After the user device 32 accepts the user operation (such as a light-on operation) via the graphical user interface, a control signal corresponding to the user operation (such as the first light fan control signal) can be generated and transmitted to the smart device. Type control module 1. Then, the smart control module 1 transmits the first lamp control signal to the lamp control module 20 to control the lighting device 22 of the lamp and/or the fan device 24 (if the lighting device 22 is turned on) ).

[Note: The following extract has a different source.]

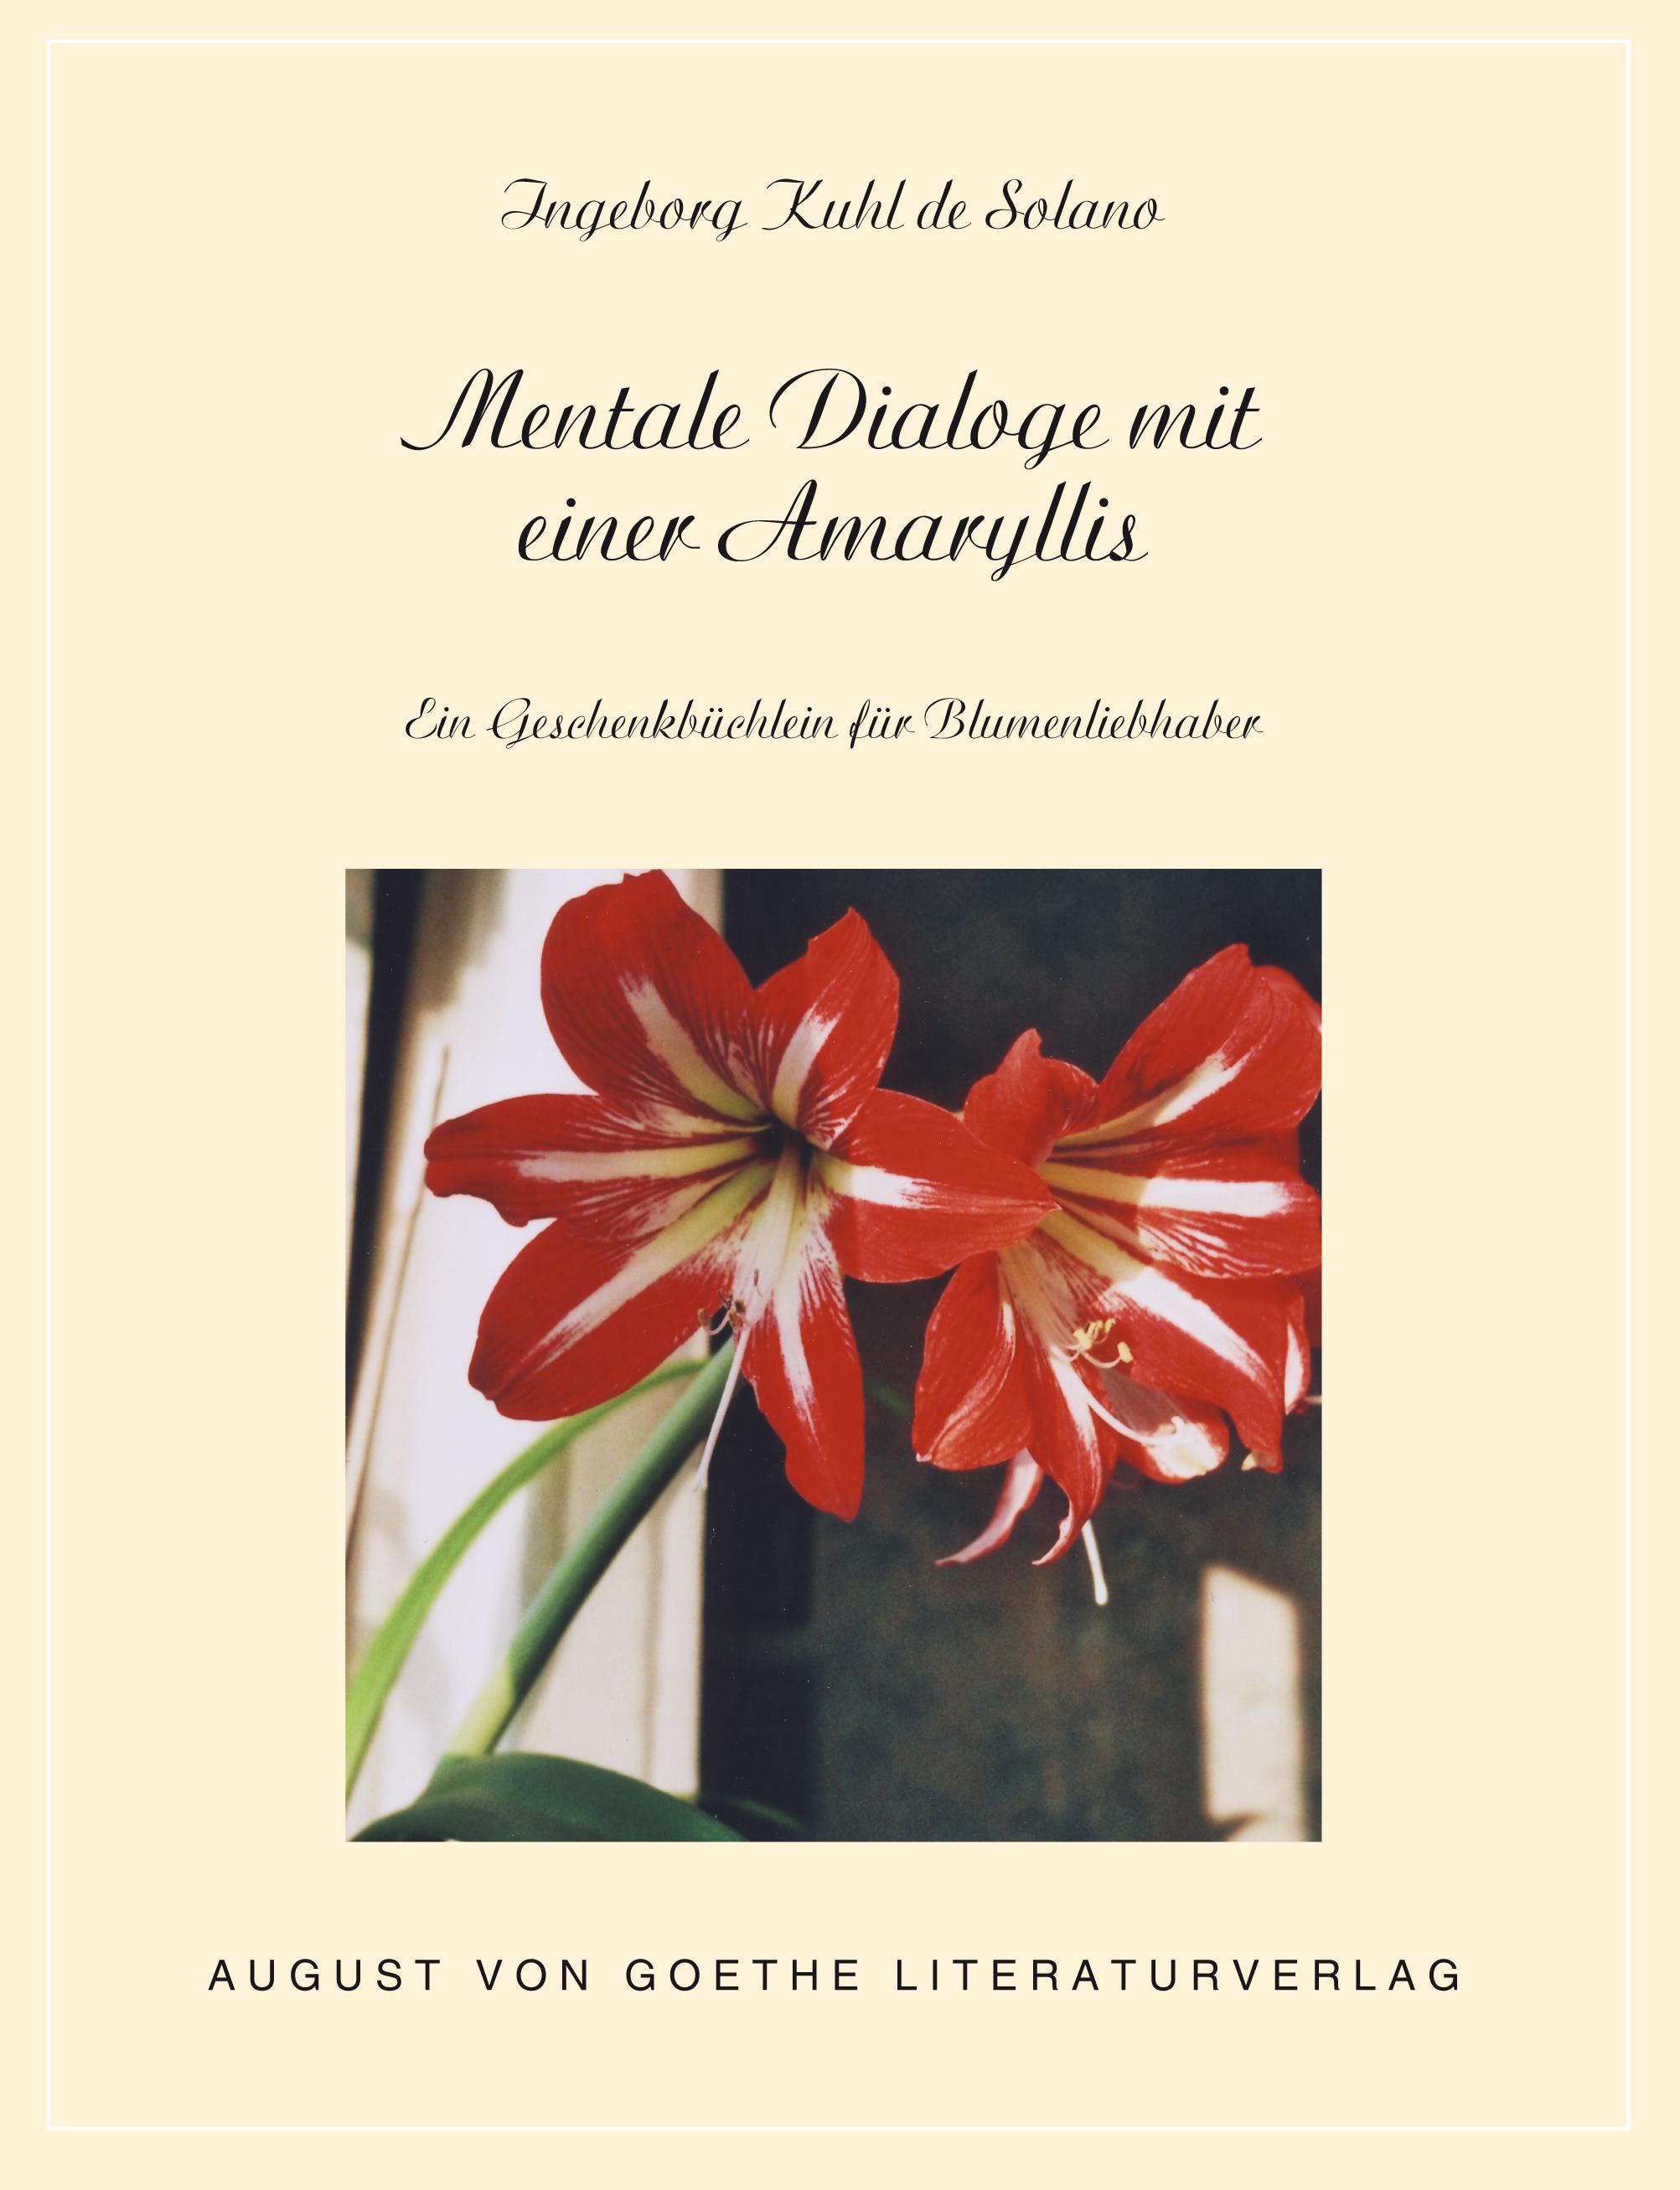 Mentale-Dialoge-mit-einer-Amaryllis-Ingeborg-Kuhl-de-Solano

Referring to FIG. 4, FIG. 4 is a structural diagram of a smart lamp remote controller according to a first embodiment of the present invention. As shown in FIG. 4, in the embodiment, the smart lamp remote controller 4 includes the smart control module 1 and the human machine interface 40. The smart control module 1 is electrically connected to the human interface 40, and is wirelessly connected to the second transmission module 200 of the lamp control module 20 of the lamp 2' via the first transmission module 10. The smart control module 1 is the same as the smart control module 1 shown in FIG. This will not be repeated here.

It is worth mentioning that the lamp fan 2' can be a general lamp fan that does not have automatic control capability (ie, does not have the smart control module 1), and the smart lamp fan remote controller 4 can pass the smart type. The first transmission module 10 of the control module 1 transmits a wireless control signal compatible with a general light fan to the light fan 2' to enable the light fan 2' to achieve automatic control.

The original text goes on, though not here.